Ve insansı olmayan zihnin hizmetkarları tarafından yaratılan dünya parazit sisteminin, mevcut tüm yollarla beyaz ırkın insanlarından gerçek tarihlerini ve gezegenimizdeki kökenlerini neden saklamaya çalıştığı oldukça anlaşılabilir. Bu nedenle, yalnızca efsanevi Arktik uygarlığının değil, aynı zamanda Hıristiyanlık öncesi Vedik Rusya'nın da eserleri, müzelerin ve özel Masonik koleksiyonların depolarında saklanıyor ve gerçek tarihi Vatikan ajanları tarafından tahrif edildi.

Ancak son zamanlarda, insansı olmayan zihnin hizmetkarlarının artık durduramayacağı, bağımsız araştırmacılar tarafından yapılan bir dizi yeni keşif gördük. Bu nedenle, her yıl daha fazla gerçek ortaya çıkacak ve çoğu Rusya topraklarında ve Avrasya'nın kuzeyinde hayatta kalan daha fazla eski eser "ortaya çıkacak".

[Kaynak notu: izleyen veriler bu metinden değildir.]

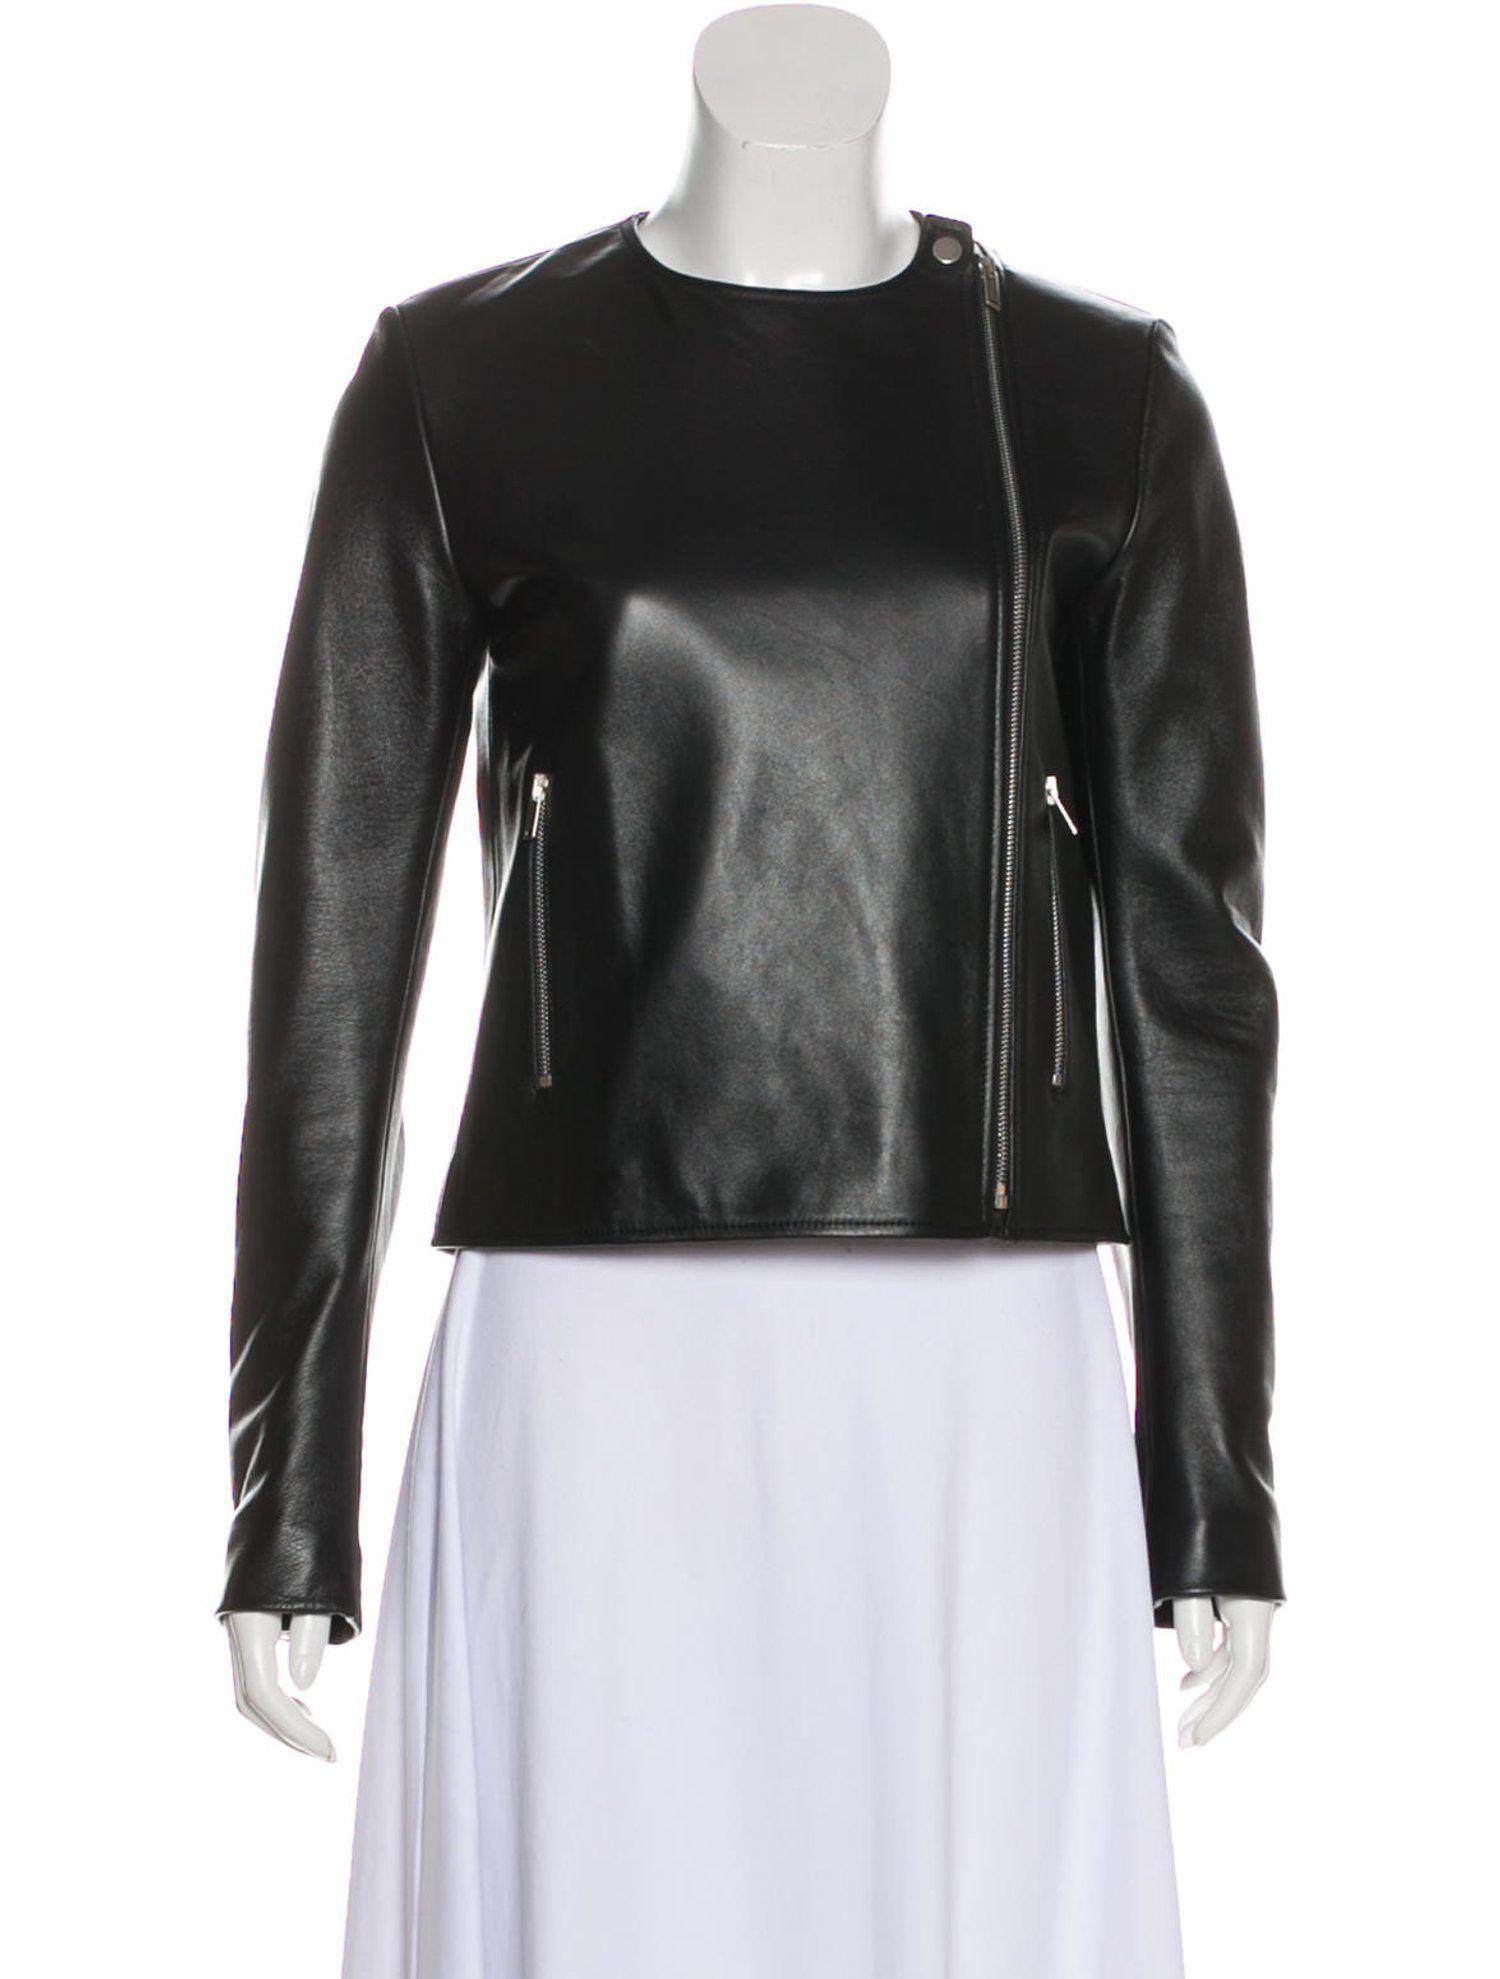 Celine Collarless Leather Jacket Sponsored Collarless Celine Jacket Collarless Leather Jacket Jackets Collarless [ 1979 x 1500 Pixel ]

Örneğin, 1697'de İsveç kralı Charles XI'in cenazesinde korunmuş resmi cenaze konuşmasının neden Latin harfleriyle de olsa, tamamen Rusça yazıldığını düşünen var mı? Bayanlar ve baylar kendi beyninizle düşünün, çünkü tarih çarpıtıcıları sizi "vahşi ve medeniyetsiz" Hıristiyanlık öncesi Rusya ve ona devlet verdiği iddia edilen "Batılı" Varangian uygarlıkları hakkında hikayelerle yüzsüzce aldatıyorlar. Ve bu, Rus ve dünya tarihindeki tek akla yatkın düpedüz tahrifattan uzaktır.